Being inspired by the small group sessions, I arrived home to a family connected by the roof over our heads, but very distant by the emotional space between us. Maybe it was a healthy amount of naivety, or that I felt that my family were as much strangers to each other, as us delegates were on the first day of NSLF. Either way, I felt the urge to bring the beauty of small group sessions to my family. I was struck by the eagerness of my family to work at growing closer and to build love between each other. It made me think that we had always sought it, but did not know how to say, or make it. For the first time, every Monday without fail, I heard another family member’s story. It was not always easy; there were arguments, tears, tantrums, and shame, but it always felt right. Every single person around the table believed wholeheartedly that what we were doing was worthwhile, and that it was helping us grow closer as a family unit. I have grown to understand better why my parents and sister are the way they are, and the reciprocal for them, I am sure. Now we are more tolerant of our differences, say what we really think and feel, and know that if anyone should know the truth, it is our family. There is a far greater sense of love and closeness that we cherish, and seek to build upon every day. I am incredibly proud of my family, and so grateful to those who have nudged me from all different angles until it clicked.

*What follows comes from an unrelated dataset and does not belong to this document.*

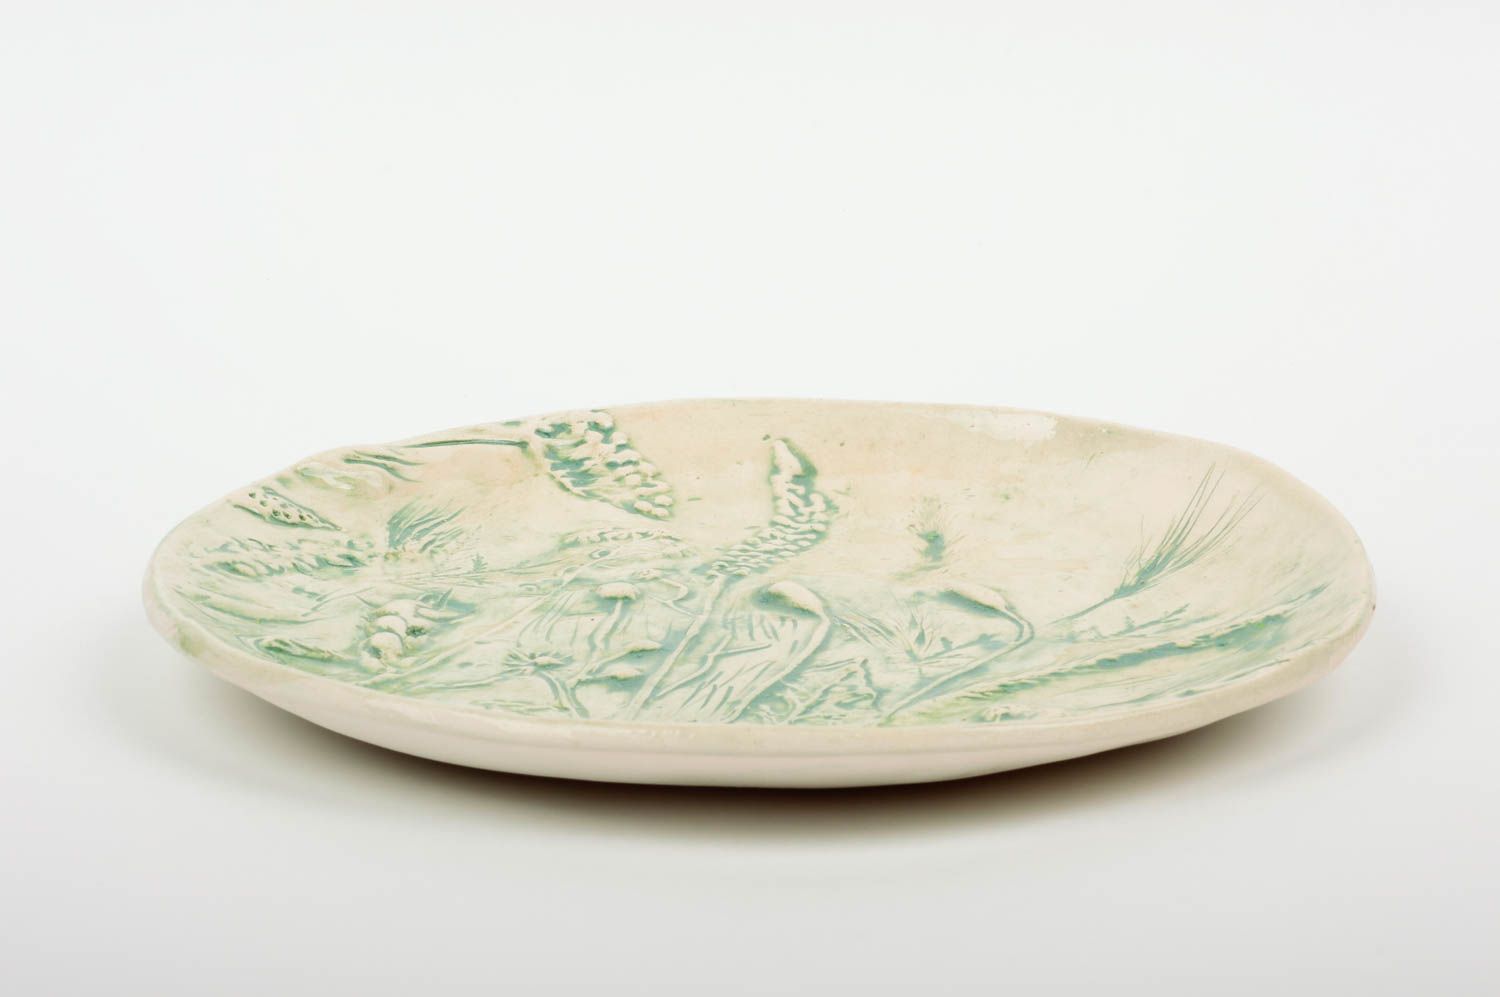 Handmade round clay plate painted ceramic plate decorative dishware ideas photo 2

I would particularly like to acknowledge the guidance of James and Katy-Rose Blackwood, who are so generous with their love and care. You are both fine role models and push me to build more loving relationships every day. Thank you also to NSLF, everyone involved has not only changed my life, but hundreds (if not thousands) of others through the amplifying effect of love.

One Comment

David Morey says:

February 28, 2018 at 11:14 am

A blessing to hear of the impact of honest love on Chris’ life and his family.